Just like GNU parallel does, the exit code will be the amount of jobs that failed (up to 101). It means that if any job fails, "global" exit code will be non-zero as well. You can add --halt-on-error to abort as soon as one job fails.

Differences with GNU parallel

  • Added aliases to some options: -p -> --pipe, -D -> --dry-run
  • --round-robin is implicit when --pipe is used
  • This module does support piped input and ::: arguments together unlike GNU's
  • This module won't permutate input from ::: and from stdin or --arg-file
  • GNU's -m can be achieved here with --max-args=0 to distribute all input lines evenly among --jobs
  • --shell was added to allow pipes, redirection, etc
  • --trim doesn't support <n|l|r|lr|rl>, it trims all spaces, tabs and newlines from both sides
  • --halt-on-error doesn't support any option, it exits as soon as one job fails
  • A ton of missing options that I consider less useful
  • --plus placeholders are not supported
  • Many more

ToDo

  • Implement backpressure to pause input if output is overwhelmed
  • Support --header for working with CSV-like files
  • Should it permutate lines from stdin and --arg-file ?
  • Could implement --keep-order
  • Use node-shell-quote for --dry-run and --shell?
  • Clean up jobs module, maybe create a job module with some of its logic
  • Maybe avoid pre-spawning jobs when piping. Spawn on demand when overwhelmed, support --delay there too
  • Support multiple -a? can be achieved with cat a b c though, maybe it's pointless

License

Copyright (c) 2016, Ariel Flesler All rights reserved.

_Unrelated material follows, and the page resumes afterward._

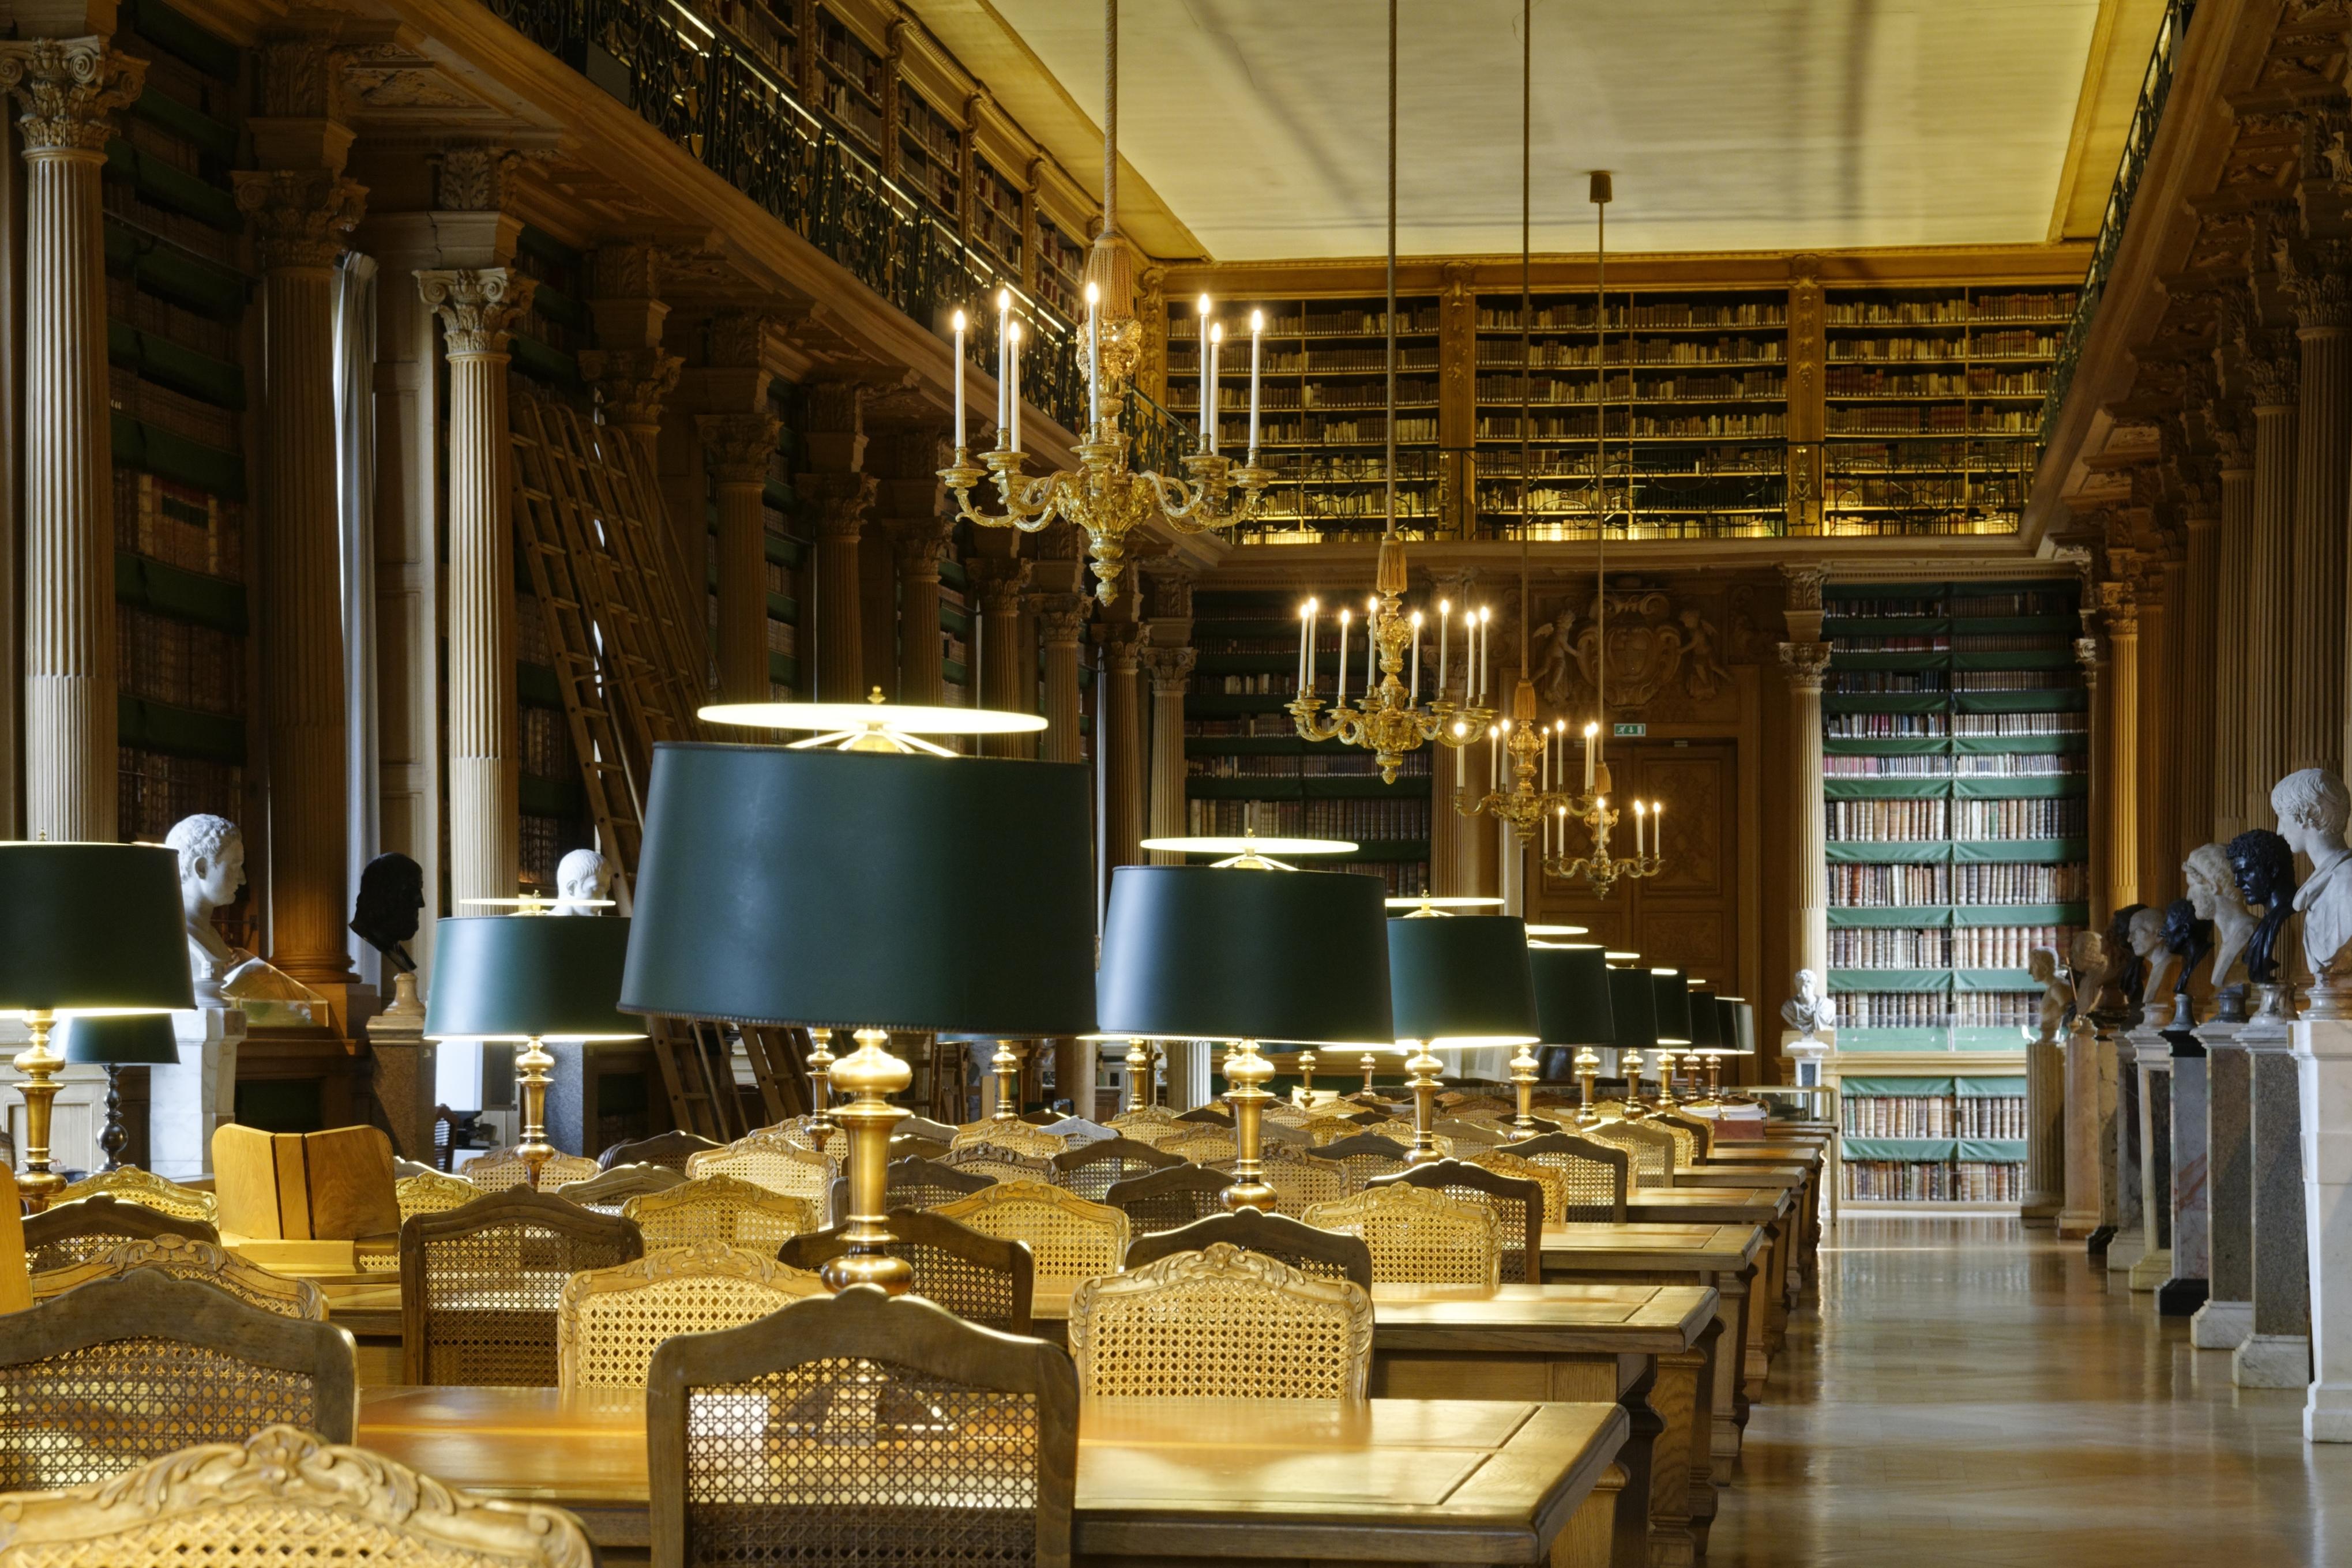 file salle de lecture de la bibliotheque mazarine n5 jpg wikimedia commons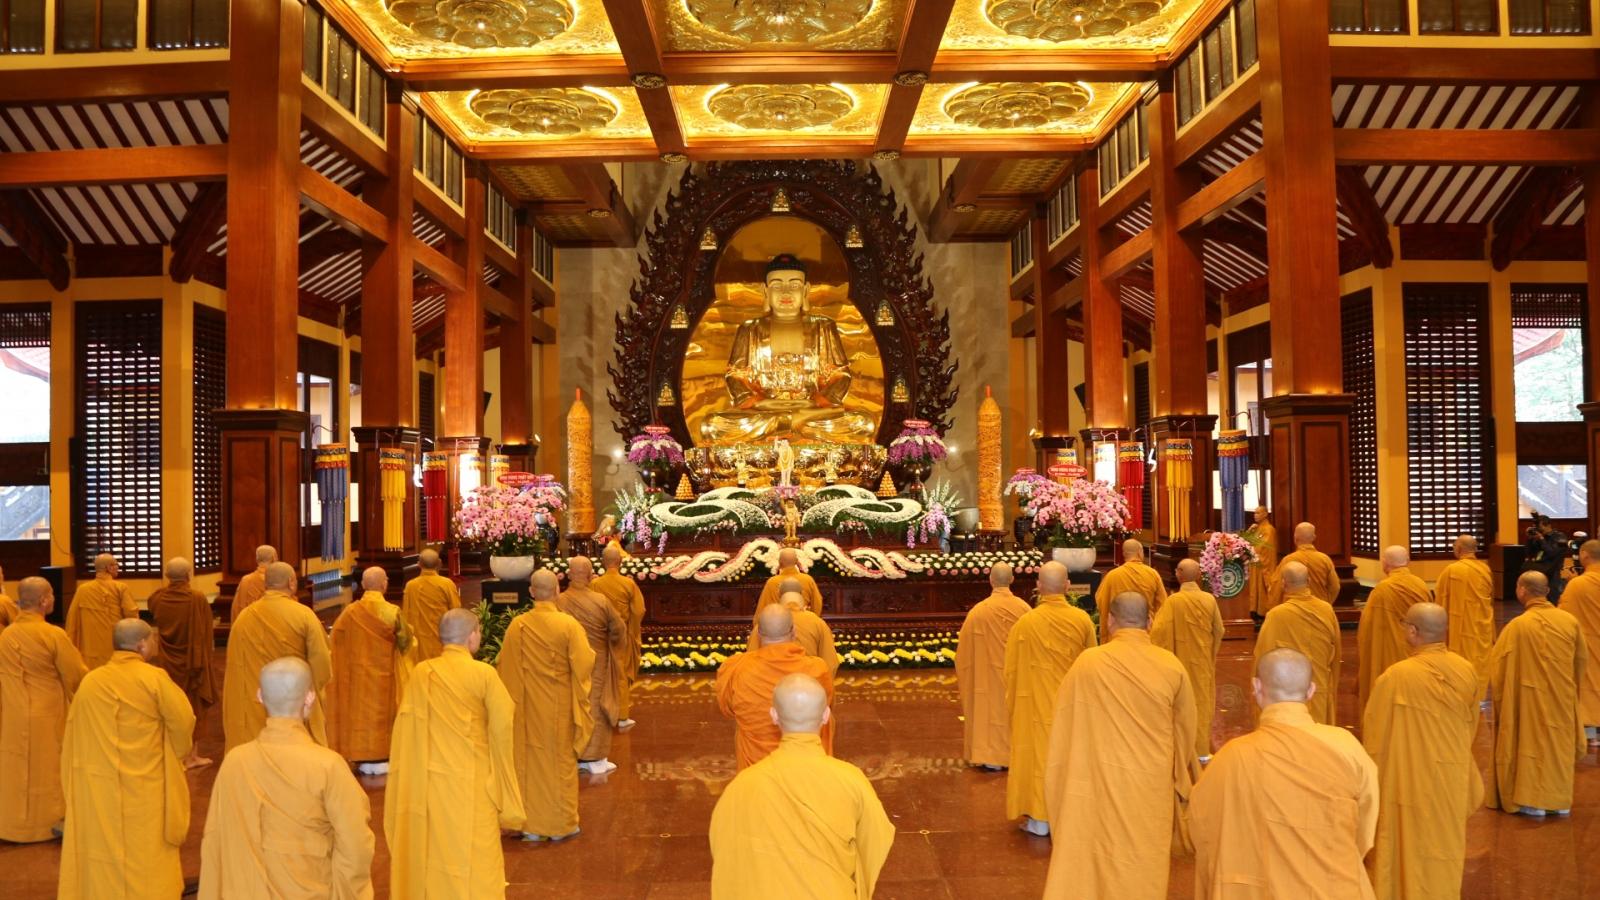 Giáo hội Phật giáo TP. HCM tổ chức Đại lễ Phật đản phù hợp chống dịch

Redistribution and use in source and binary forms, with or without modification, are permitted provided that the following conditions are met:

  • Redistributions of source code must retain the above copyright notice, this list of conditions and the following disclaimer.

  • Redistributions in binary form must reproduce the above copyright notice, this list of conditions and the following disclaimer in the documentation and/or other materials provided with the distribution.

  • Neither the name of the organization nor the names of its contributors may be used to endorse or promote products derived from this software without specific prior written permission.

THIS SOFTWARE IS PROVIDED BY THE COPYRIGHT HOLDERS AND CONTRIBUTORS "AS IS" AND ANY EXPRESS OR IMPLIED WARRANTIES, INCLUDING, BUT NOT LIMITED TO, THE IMPLIED WARRANTIES OF MERCHANTABILITY AND FITNESS FOR A PARTICULAR PURPOSE ARE DISCLAIMED. IN NO EVENT SHALL THE COPYRIGHT HOLDER OR CONTRIBUTORS BE LIABLE FOR ANY DIRECT, INDIRECT, INCIDENTAL, SPECIAL, EXEMPLARY, OR CONSEQUENTIAL DAMAGES (INCLUDING, BUT NOT LIMITED TO, PROCUREMENT OF SUBSTITUTE GOODS OR SERVICES; LOSS OF USE, DATA, OR PROFITS; OR BUSINESS INTERRUPTION) HOWEVER CAUSED AND ON ANY THEORY OF LIABILITY, WHETHER IN CONTRACT, STRICT LIABILITY, OR TORT (INCLUDING NEGLIGENCE OR OTHERWISE) ARISING IN ANY WAY OUT OF THE USE OF THIS SOFTWARE, EVEN IF ADVISED OF THE POSSIBILITY OF SUCH DAMAGE.